Si tuvieses que dedicarte a una profesión diferente, ¿cuál sería? Siempre me ha gustado la idea de dedicarme a la política, en el sentido de contribuir a la comunidad e intentar mejorar el mundo en el que vivimos, aunque con el tiempo he perdido esa visión idealizada. Me vería contribuyendo en el ayuntamiento de mi pueblo o algo a escala tangible, a nivel de asociaciones culturales o de vecinos.
¿Qué te gusta hacer en tu tiempo libre? Escaparme a un concierto o festival siempre está entre mis planes preferidos. Aunque odio aburrirme, lucho contra el concepto de que sea algo negativo y abrazo el descanso como algo necesario.
¿Cómo te gustaría ser recordada? Ser recordada sería un privilegio en sí mismo. Me gustaría ser recordada como alguien presente, cercana, sensata y, por qué no, divertida. Si la gente se quedase con la impresión de que soy ‘buena compañía’, eso sería ya un logro.

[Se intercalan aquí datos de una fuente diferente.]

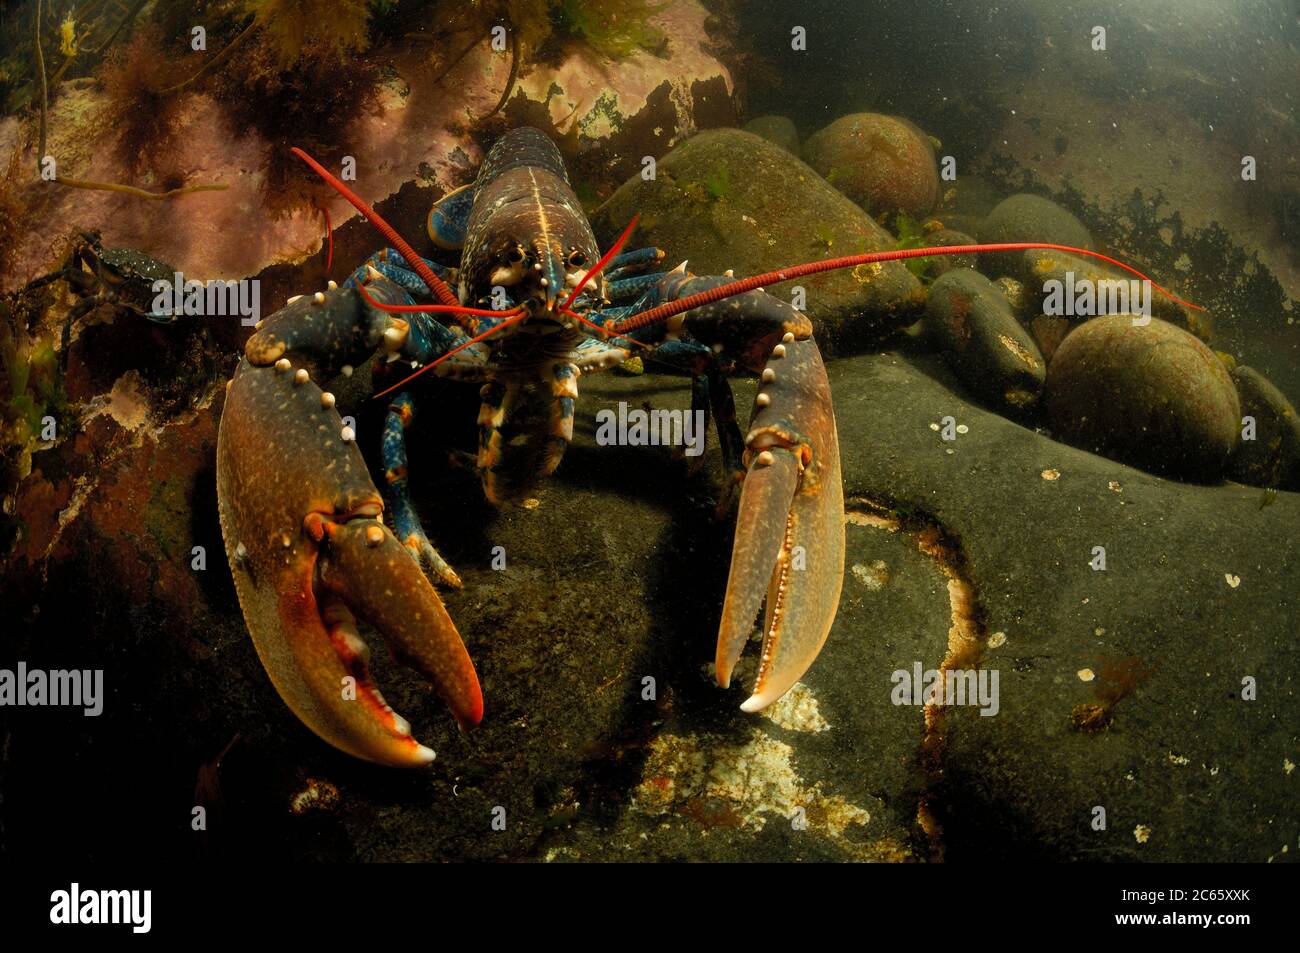 Homard commun, homard à la mâchoire européenne, homard du Maine (Homarus gammarus) (dt. Hummer, Europäischer Hummer) Crustacea Banque D'Images

Recomiéndanos un libro, un disco, una serie y una película. Empiezo por la que me resulta más difícil, que es el disco. Me cuesta escoger, porque he pasado por muchas fases, pero creo que me quedo con discos que me marcaron en mi adolescencia, así que recomendaría Siamese dream, de los Smashing Pumpkins, o Definitely maybe, de Oasis. Además, tuve la suerte de asistir a uno de los conciertos de reunión de los hermanos Gallagher el año pasado en Manchester, fue toda una experiencia. Como película, sin duda, Lost in translation, aunque todas las de Sofía Coppola son para mí obras de arte por cómo retrata la intimidad y las emociones en sus personajes. Series hay muchas: Breaking bad, Mad men, pero a la que vuelvo todo el rato y me hace reír como ninguna es The office. Últimamente prefiero leer más ensayo y no-ficción, recomendaría Outra idea de Galicia, de Miguel-Anxo Murado, un libro pensado inicialmente para explicar Galicia a los no gallegos, pero que se convirtió en un texto de referencia por cómo describe la idiosincrasia gallega. Intento leer mucho en gallego para conservar vivo mi bilingüismo, que en Madrid no tengo oportunidad de practicar mucho.

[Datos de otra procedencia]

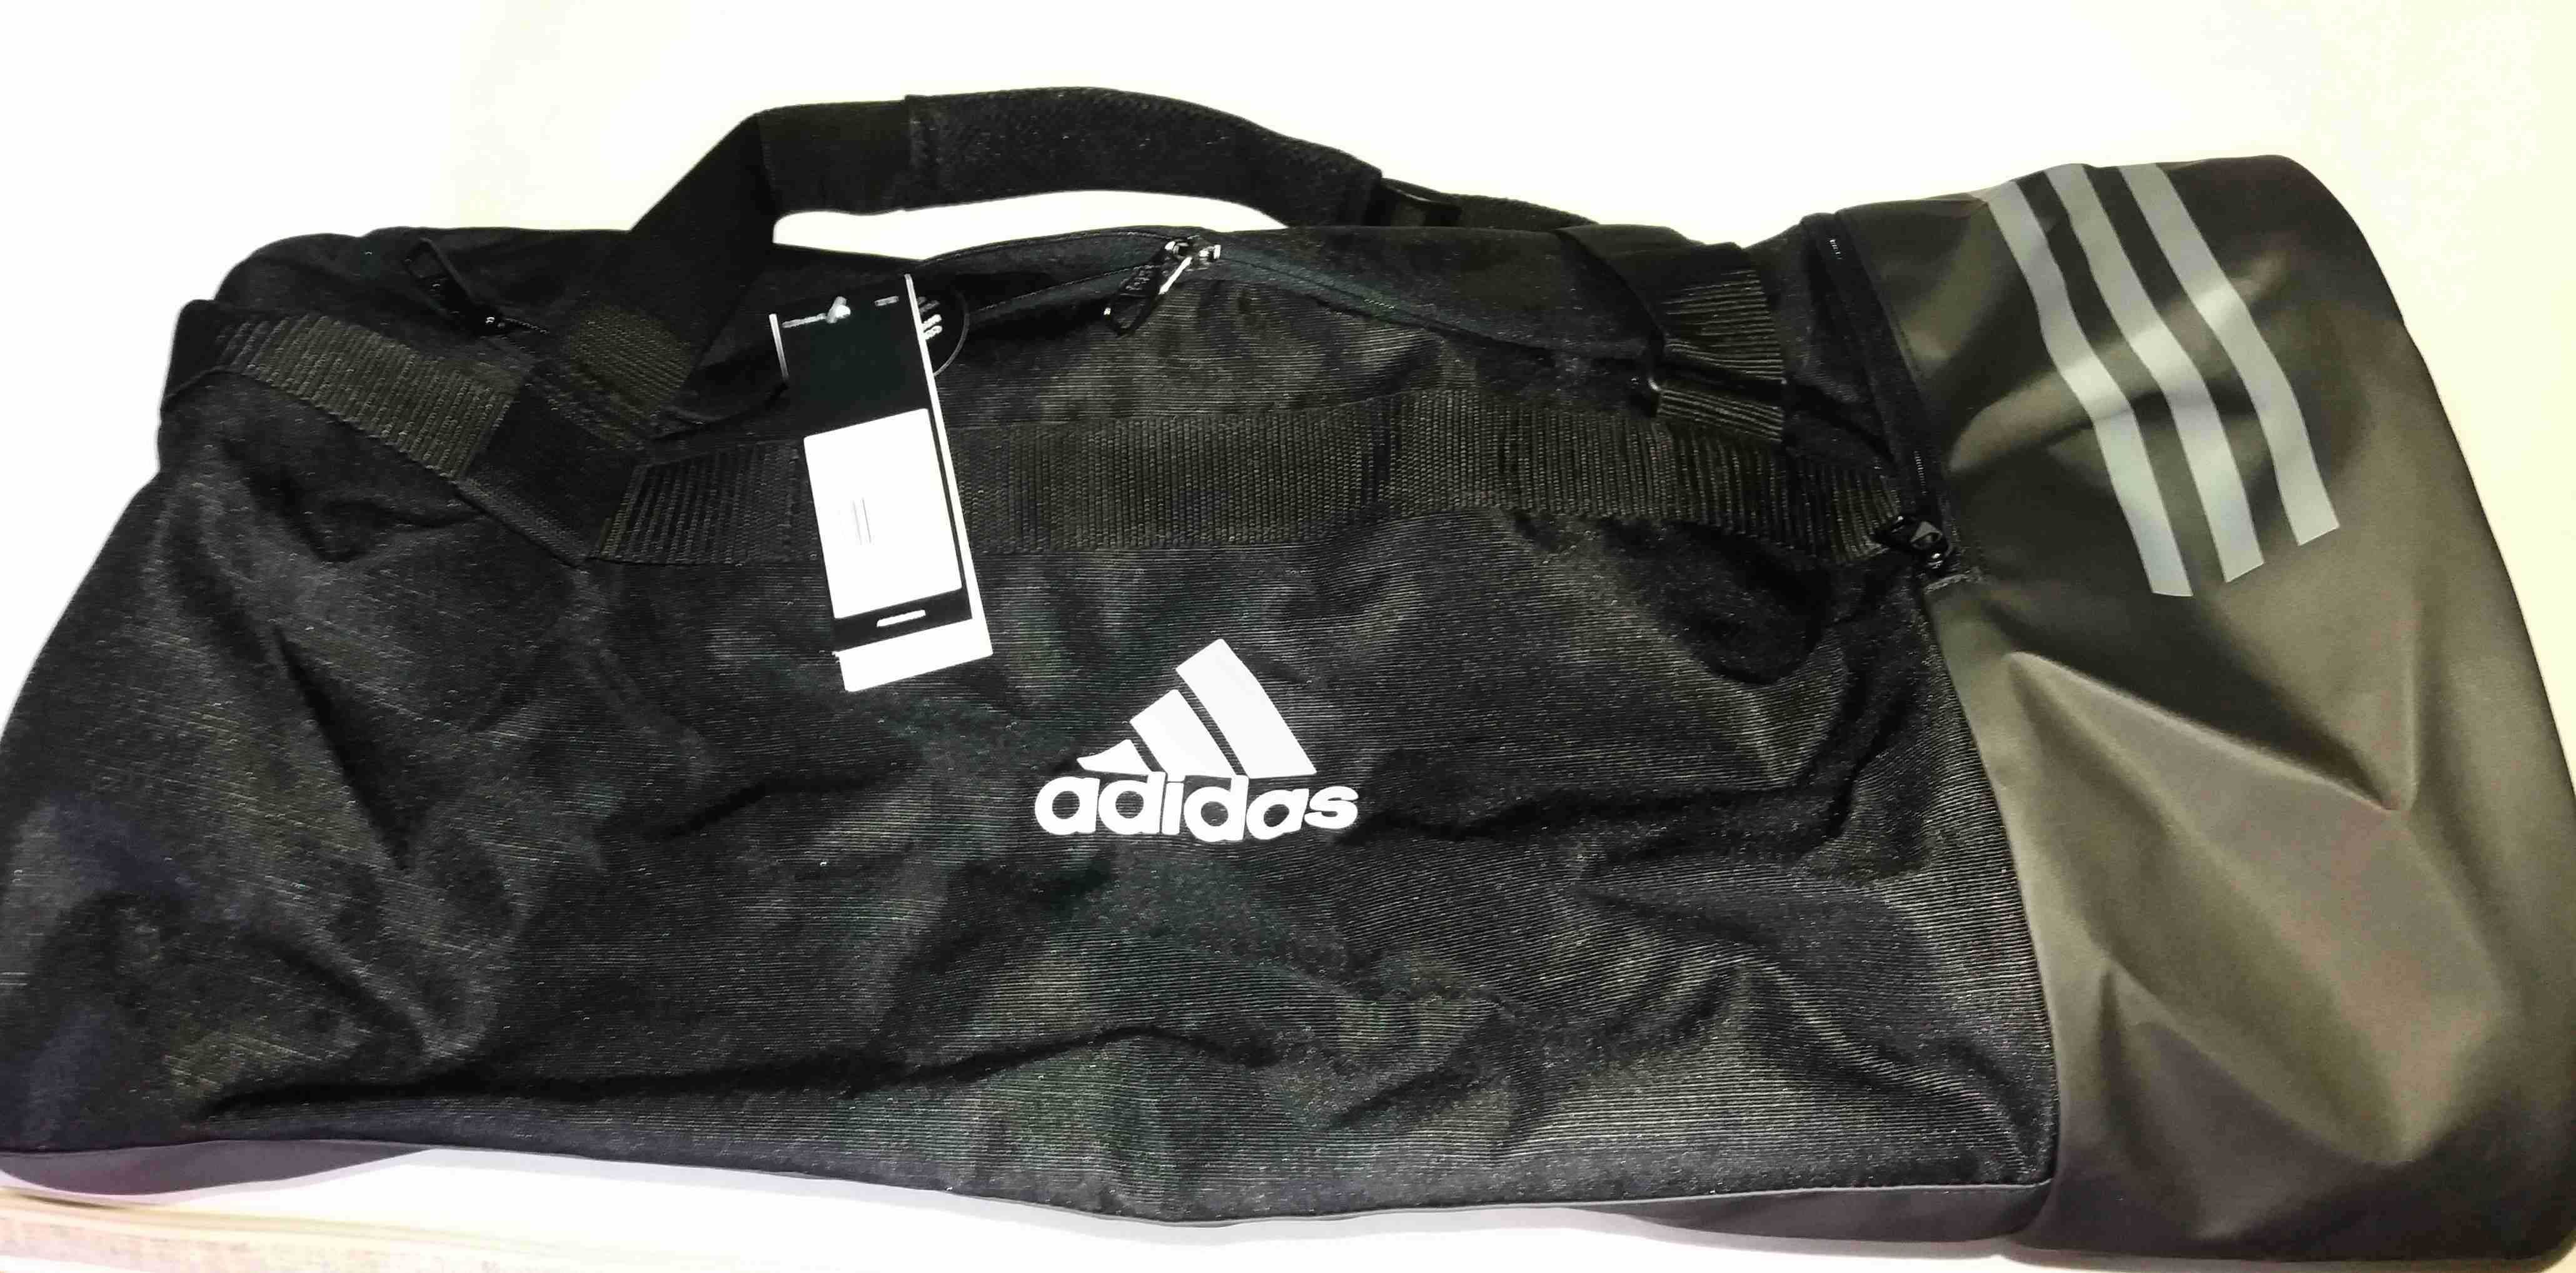 Duża torba sportowa Adidas 3S CVRT DUF L

¿Qué lugar te gustaría visitar? Siempre quise visitar Japón. Por suerte estuve allí por trabajo varias veces en los últimos años y sigo con la sensación de que me queda mucho por ver. Tengo pendiente una visita a Escocia y otra a Irlanda, he viajado mucho a UK siempre por trabajo y a ciudades, pero me fascinaría ver esos paisajes. Supongo que también porque hay cierta conexión celta-gallega y una proximidad cultural atlántica que me despierta mucha curiosidad.
¿Dónde te ves dentro de diez años? Trabajando. El trabajo siempre ha sido una parte casi identitaria de mi vida, conectando con lo que mencionaba antes de la independencia. También me ha llamado siempre la atención la idea de emprender, así que no descarto que en algún momento me dé por tirarme a la piscina y empezar algún proyecto propio o paralelo al mundo de la tecnología.